The following is excerpted from a June 27, 2011 article by Peg Brickley of Dow Jones Daily Bankruptcy Review and published by The Wall Street Journal:
Technology heavyweights will throw down Monday for the formidable patent portfolio of Nortel Networks Corp., vying to stock up their arsenals for raging legal battles over smartphones, Web advertising and whatever comes next in the multitrillion-dollar technology wars.
Stuffed with 6,000 patents and patent applications, the intellectual property treasure chest of the liquidating telecommunications company could ward off hundreds of millions of dollars worth of patent infringement lawsuits and open the doors to billions of dollars worth of sales of devices and technology. Creditors, needless to say, are looking for much more than the $900 million opening offer that Google Inc. (GOOG) threw on the table.
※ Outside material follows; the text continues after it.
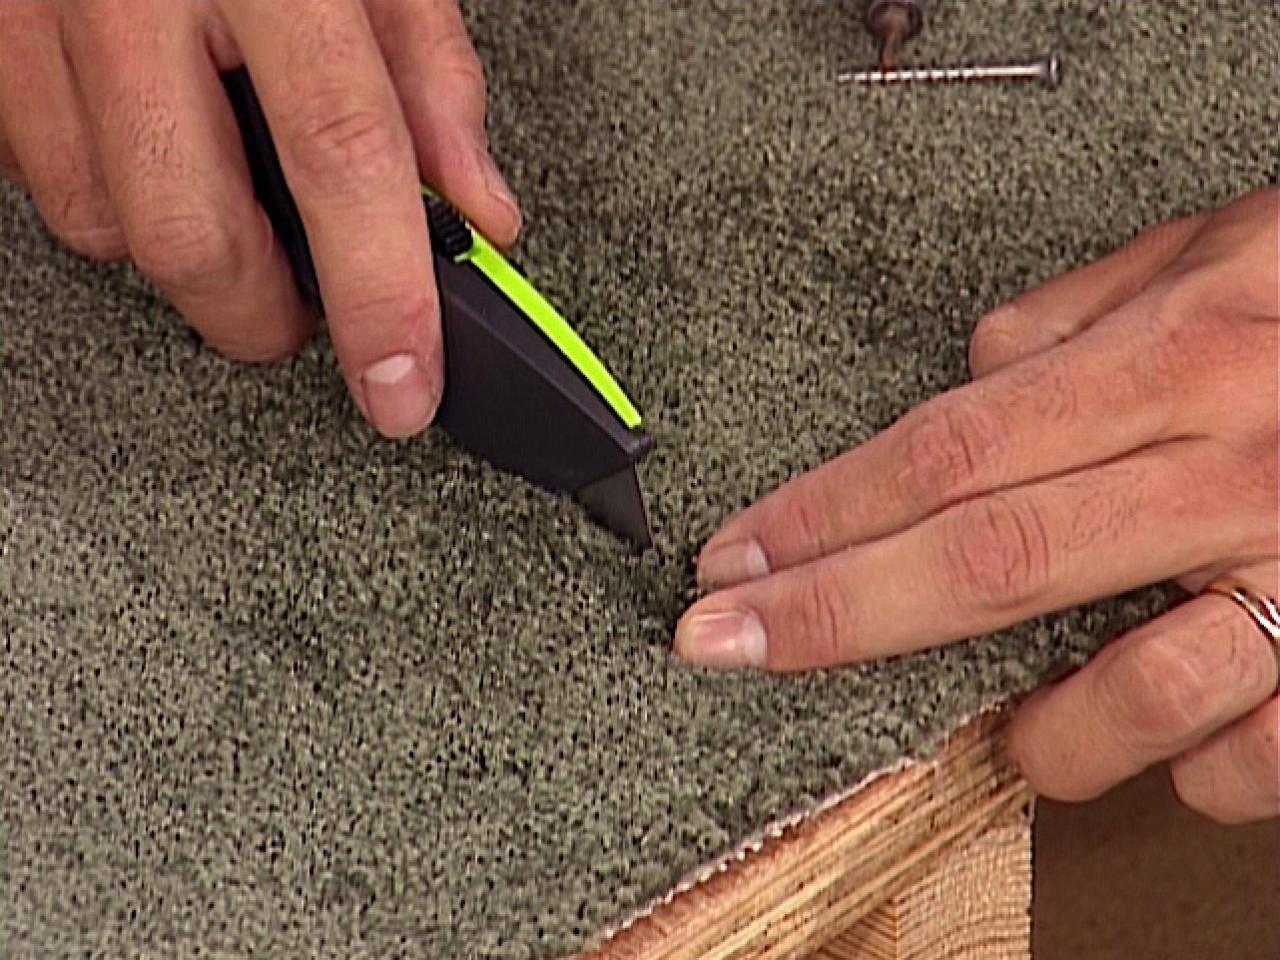 Fix Squeaky Carpeted Floors Fix Squeaky Floors Squeaky Floors Creaky Floors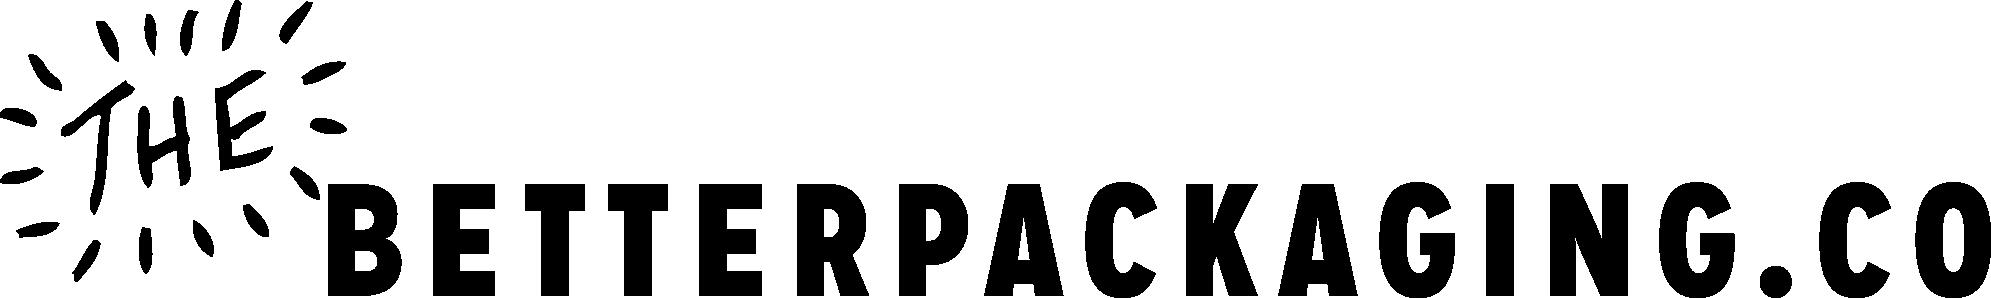 TBCo-horiz-logo-no-www.png

Remarkable for its size and notoriety, the Nortel patent auction is part of a steady and growing stream of patent sales in a market that has been flooded with activity in recent years, one that has billions of dollars of capital ready to do deals.
For many reasons, companies can find themselves with patents they're not using, "like an empty plant," Berten [David Berten, a former litigator and one of the Global IP Law Group's founders] said. Convincing another company to take a license and pay royalties is a long and expensive proposition. "Litigating takes even longer and is more expensive," he said.
A sale is a faster path, but not always an easy one for an asset that has been considered a daunting value proposition, according to Berten.
"Anyone can get comps for real estate. Everyone can calculate what accounts receivable are worth," Berten said. "The asset class that may have the most value is the patents, but that's the toughest to understand."